DATA FOR THIS EXERCISE

++++++++++

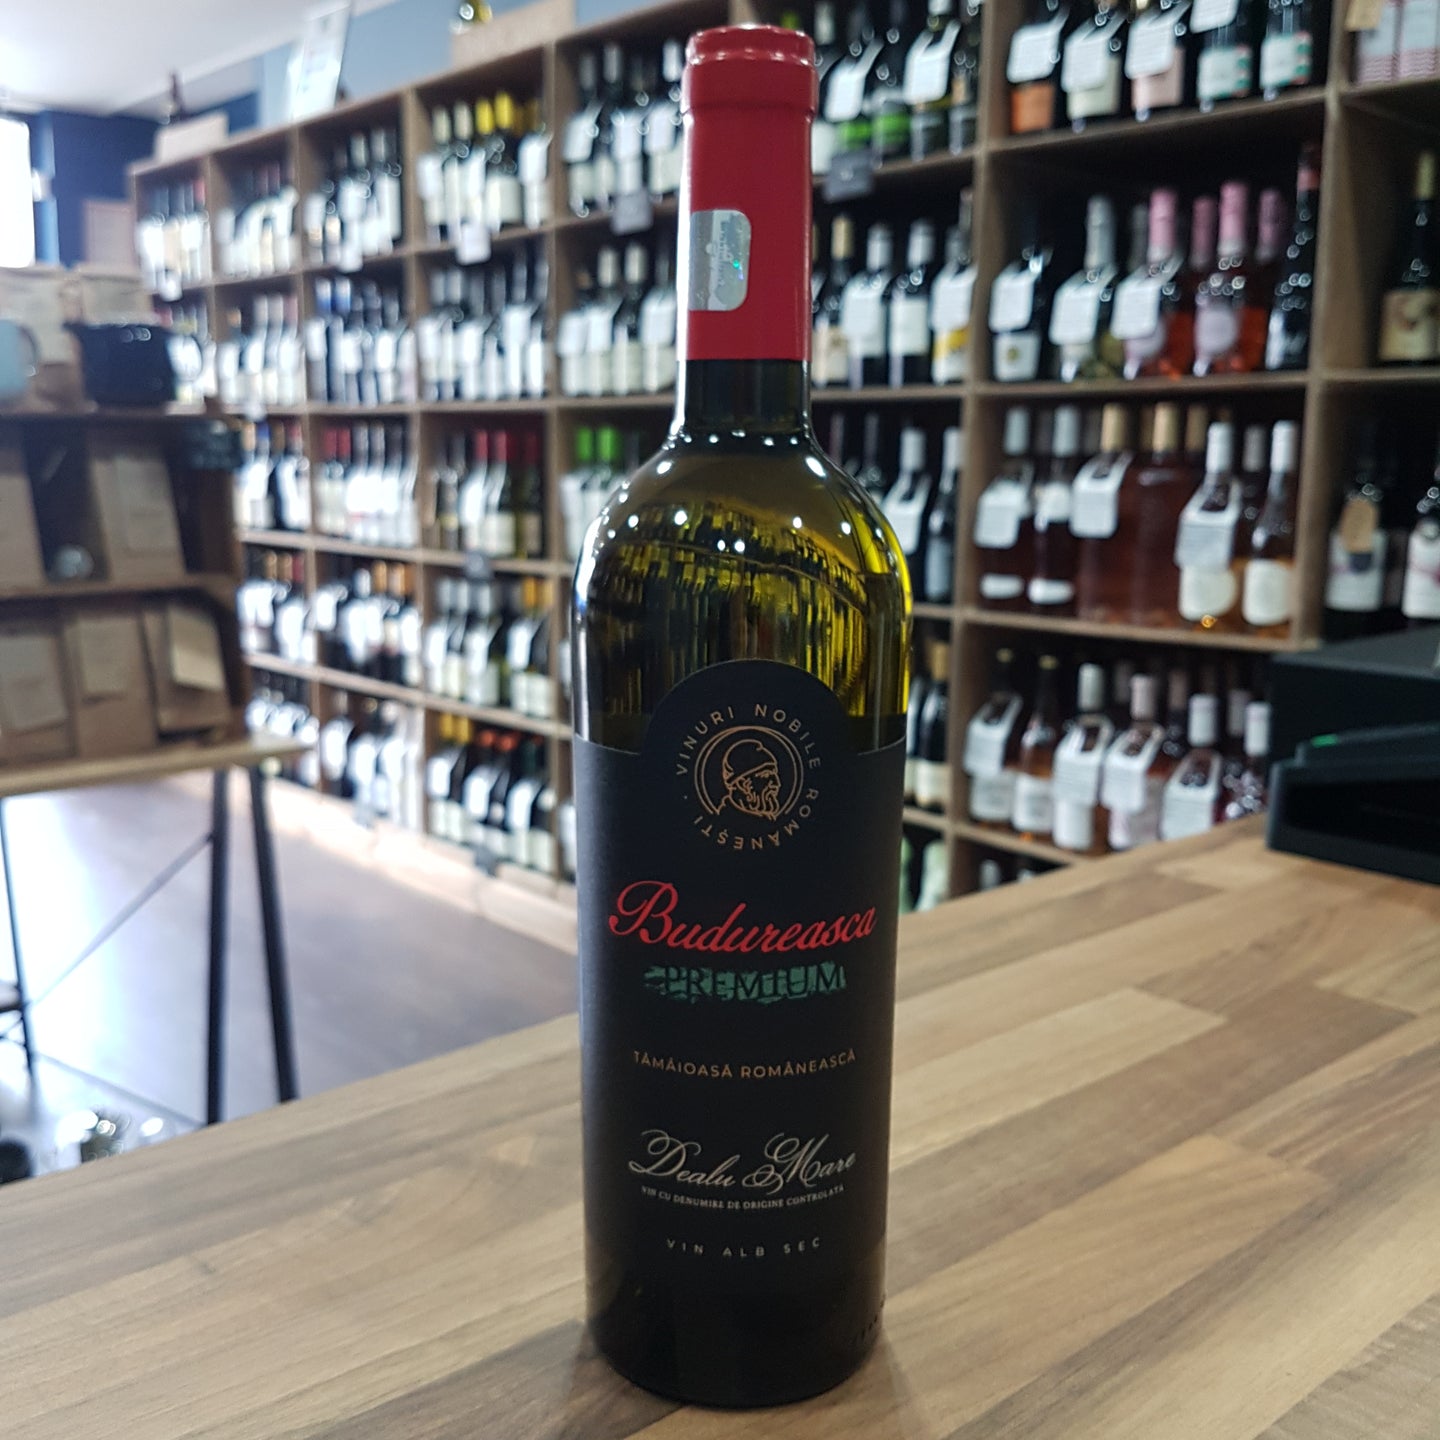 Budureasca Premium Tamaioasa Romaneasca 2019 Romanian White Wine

++++++++++

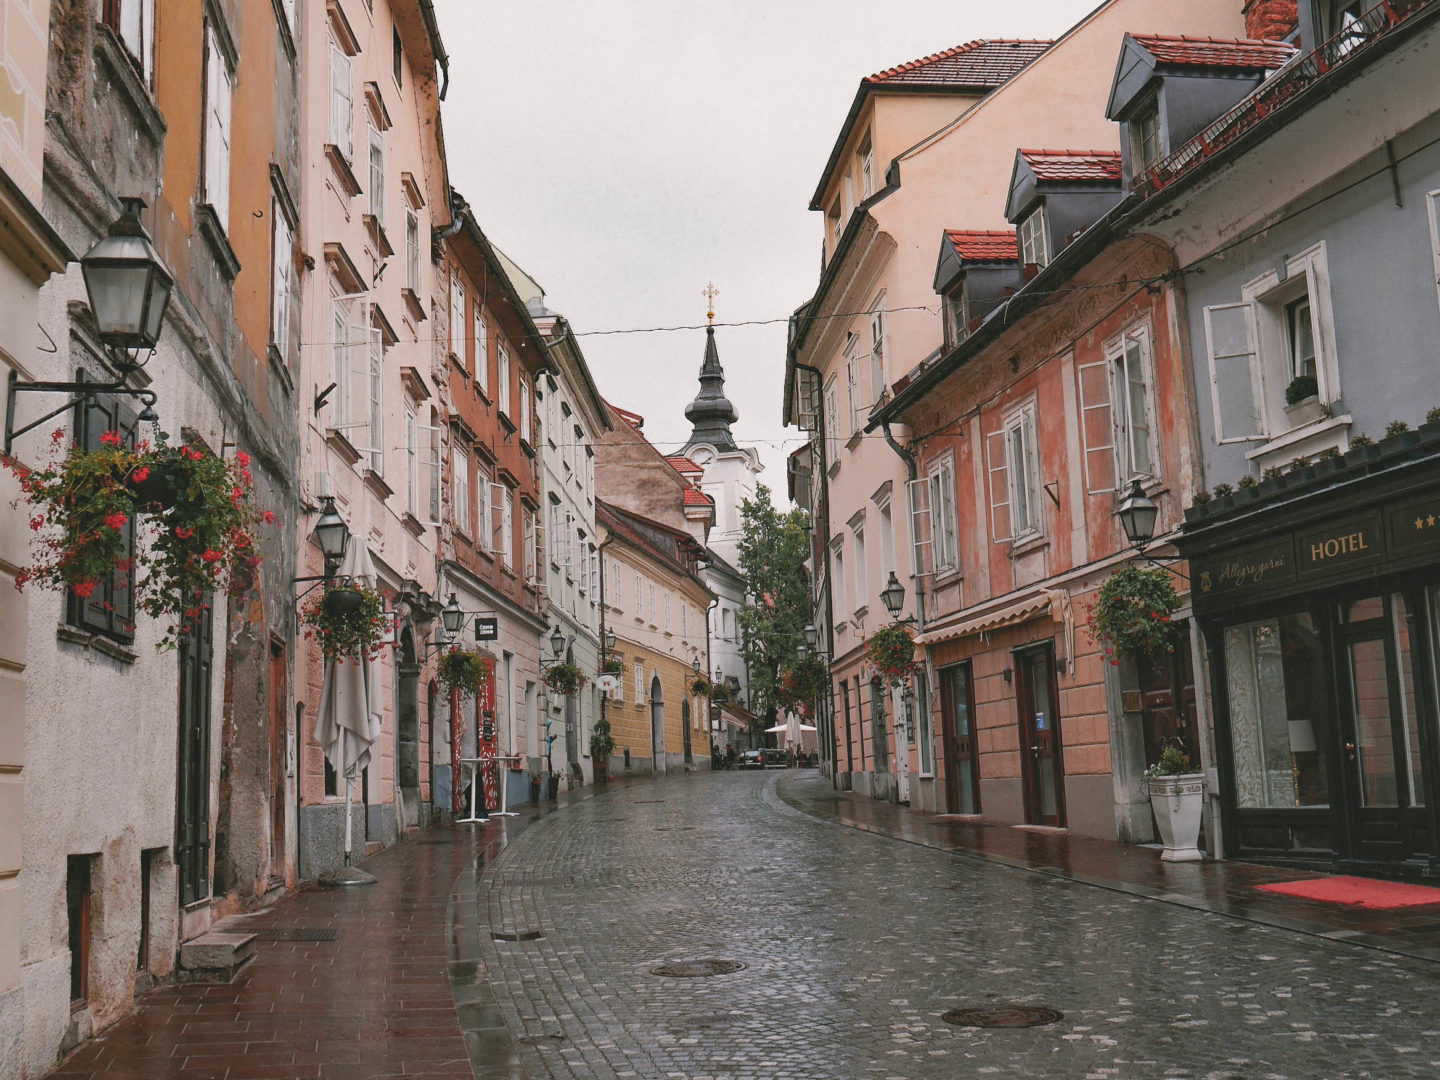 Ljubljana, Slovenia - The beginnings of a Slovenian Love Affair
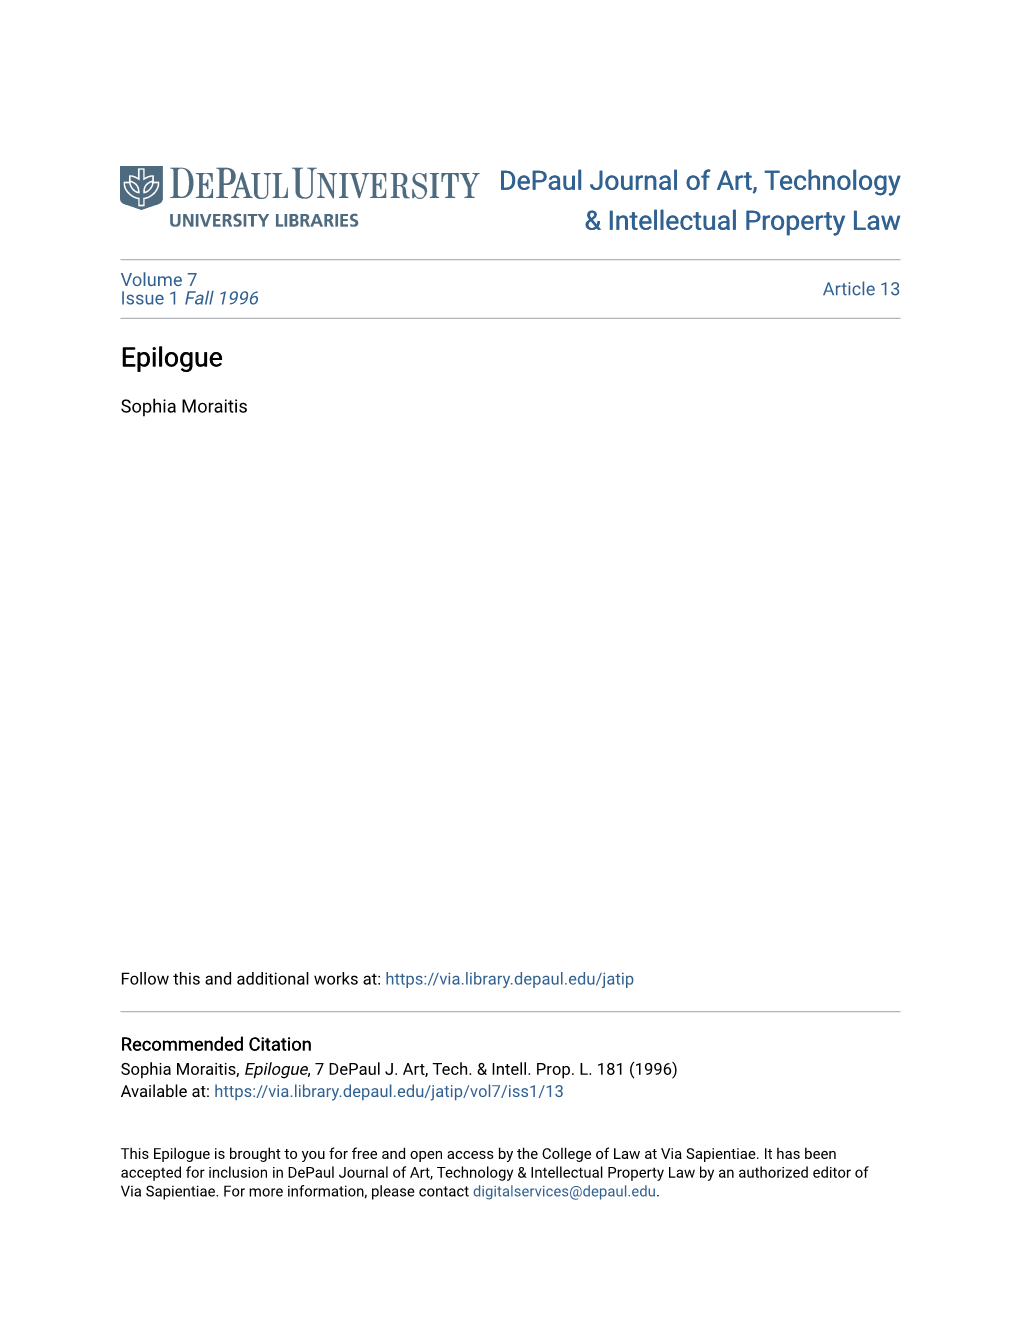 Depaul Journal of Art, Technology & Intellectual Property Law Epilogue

++++++++++

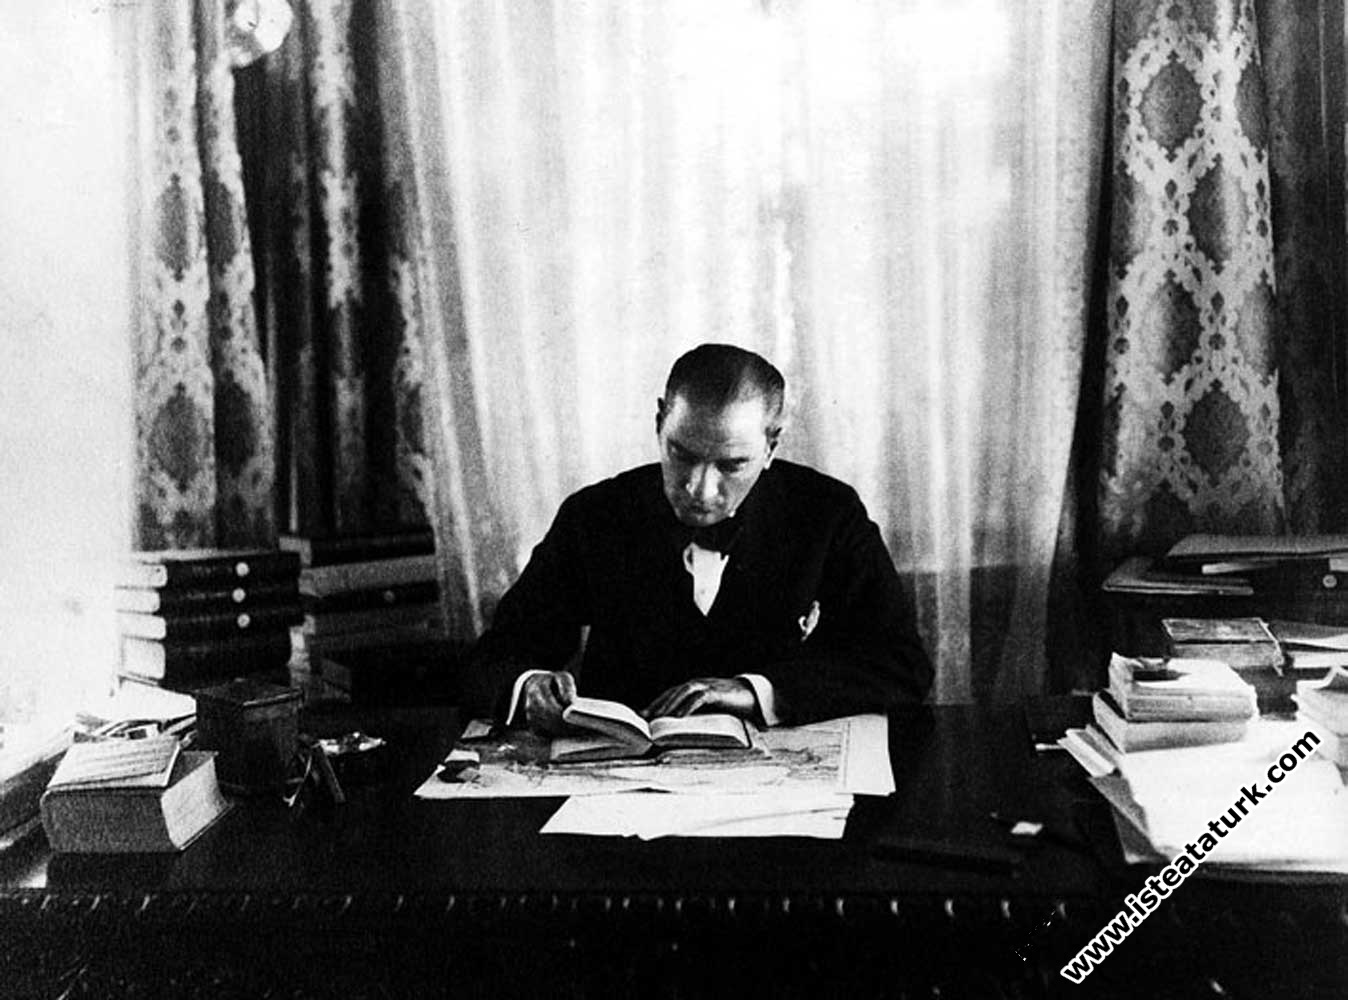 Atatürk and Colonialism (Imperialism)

++++++++++

EXERCISE PROMPT
Beginning with the line holding "Ljubljana, Slovenia - The" in the material above, restate word for word each line through the line holding "Depaul Journal of", and exclude pictures.

TASK OUTPUT
 Ljubljana, Slovenia - The beginnings of a Slovenian Love Affair
 Depaul Journal of Art, Technology & Intellectual Property Law Epilogue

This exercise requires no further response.